In fact his numbers show that scheduler speedups since 2.6.22 have
offset and hidden most other sources of tbench regression. (i.e. the
scheduler portion got 5% faster, hence it was able to offset a
slowdown of 5% in other areas of the kernel that tbench triggers)
Although I respect the improvements, wake_up() is still several
orders of magnitude slower than it was in 2.6.22 and wake_up() is at
the top of the profiles in tbench runs.
hm, several orders of magnitude slower? That contradicts Mike's
numbers and my own numbers and profiles as well: see below.

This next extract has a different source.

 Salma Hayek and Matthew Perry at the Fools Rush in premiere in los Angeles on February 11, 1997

The scheduler's overhead barely even registers on a 16-way x86 system
i'm running tbench on. Here's the NMI profile during 64 threads tbench
on a 16-way x86 box with an v2.6.28-rc5 kernel [config attached]:
Throughput 3437.65 MB/sec 64 procs
==================================
21570252 total
........
1494803 copy_user_generic_string
998232 sock_rfree
491471 tcp_ack
482405 ip_dont_fragment
470685 ip_local_deliver
436325 constant_test_bit [ called by napi_disable_pending() ]
375469 avc_has_perm_noaudit
347663 tcp_sendmsg
310383 tcp_recvmsg
300412 __inet_lookup_established
294377 system_call
286603 tcp_transmit_skb
251782 selinux_ip_postroute
236028 tcp_current_mss
235631 schedule
234013 netif_rx
229854 _local_bh_enable_ip
219501 tcp_v4_rcv
[ etc. - see full profile attached further below ]

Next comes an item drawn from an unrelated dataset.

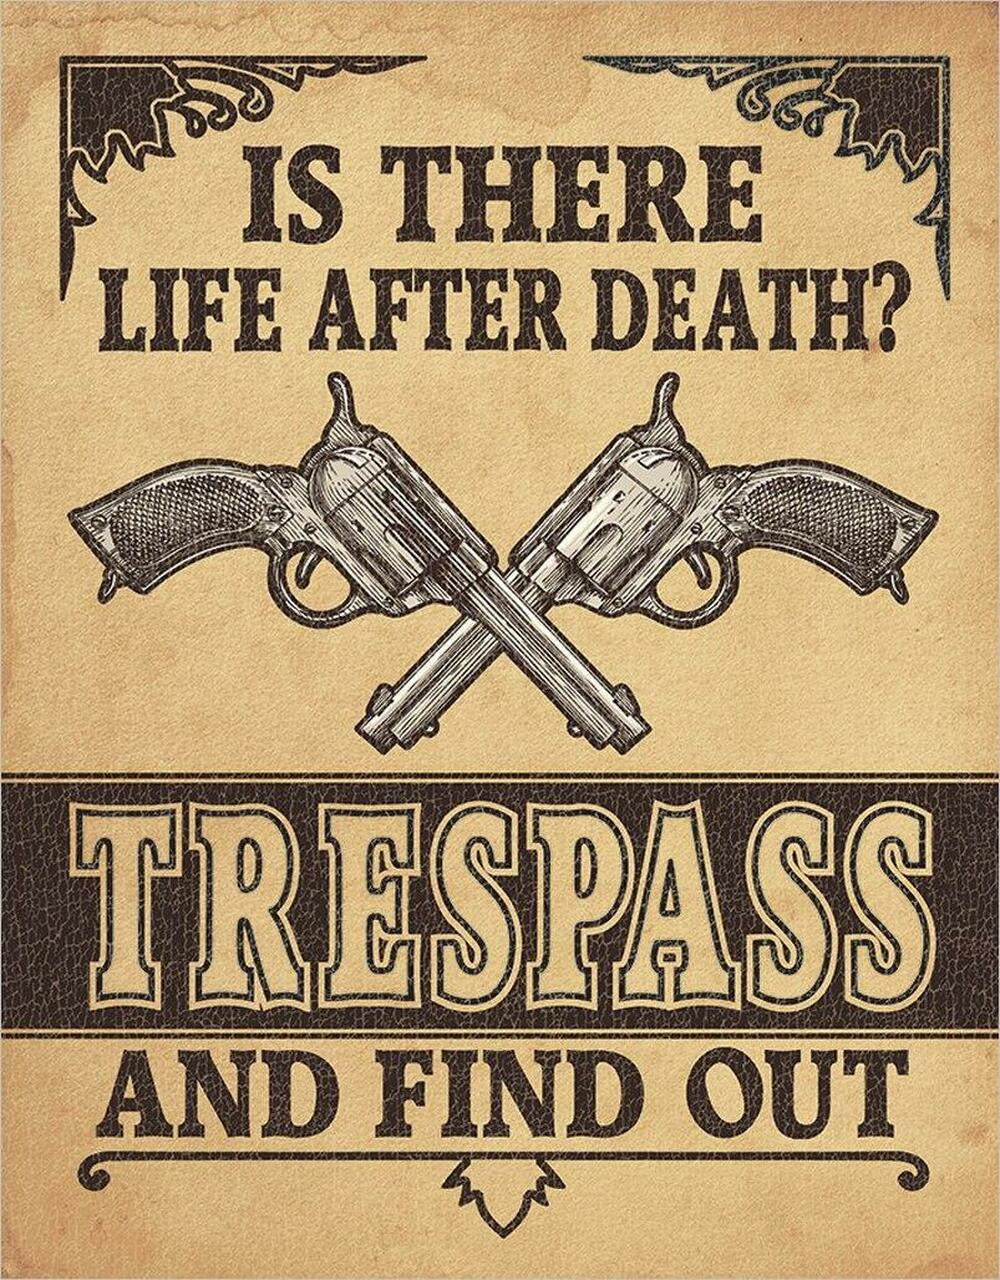 Is There Life After Death? Tresspass and Find Out - Tin Sign

Note that the scheduler does not even show up in the profile up to
entry #15!
I've also summarized NMI profiler output by major subsystems:
NET overhead (12603450/21570252): 58.43%
security overhead ( 1903598/21570252): 8.83%
usercopy overhead ( 1753617/21570252): 8.13%
sched overhead ( 1599406/21570252): 7.41%
syscall overhead ( 560487/21570252): 2.60%
IRQ overhead ( 555439/21570252): 2.58%
slab overhead ( 492421/21570252): 2.28%
timer overhead ( 226573/21570252): 1.05%
pagealloc overhead ( 192681/21570252): 0.89%
PID overhead ( 115123/21570252): 0.53%
VFS overhead ( 107926/21570252): 0.50%
pagecache overhead ( 62552/21570252): 0.29%
gtod overhead ( 38651/21570252): 0.18%
IDLE overhead ( 0/21570252): 0.00%
---------------------------------------------------------
left ( 1349494/21570252): 6.26%
The scheduler's functions are absolutely flat, and consistent with an
extreme context-switching rate of 1.35 million per second. The
scheduler can go up to about 20 million context switches per second on
this system:
procs -----------memory---------- ---swap-- -----io---- --system-- -----cpu------
r b swpd free buff cache si so bi bo in cs us sy id wa st
32 0 0 32229696 29308 649880 0 0 0 0 164135 20026853 24 76 0 0 0
32 0 0 32229752 29308 649880 0 0 0 0 164203 20032770 24 76 0 0 0
32 0 0 32229752 29308 649880 0 0 0 0 164201 20036492 25 75 0 0 0
... and 7% scheduling overhead is roughly consistent with 1.35/20.0.
Wake up affinities and data flow caching is just fine in this workload
- we've got scheduler statistics for that and they look good too.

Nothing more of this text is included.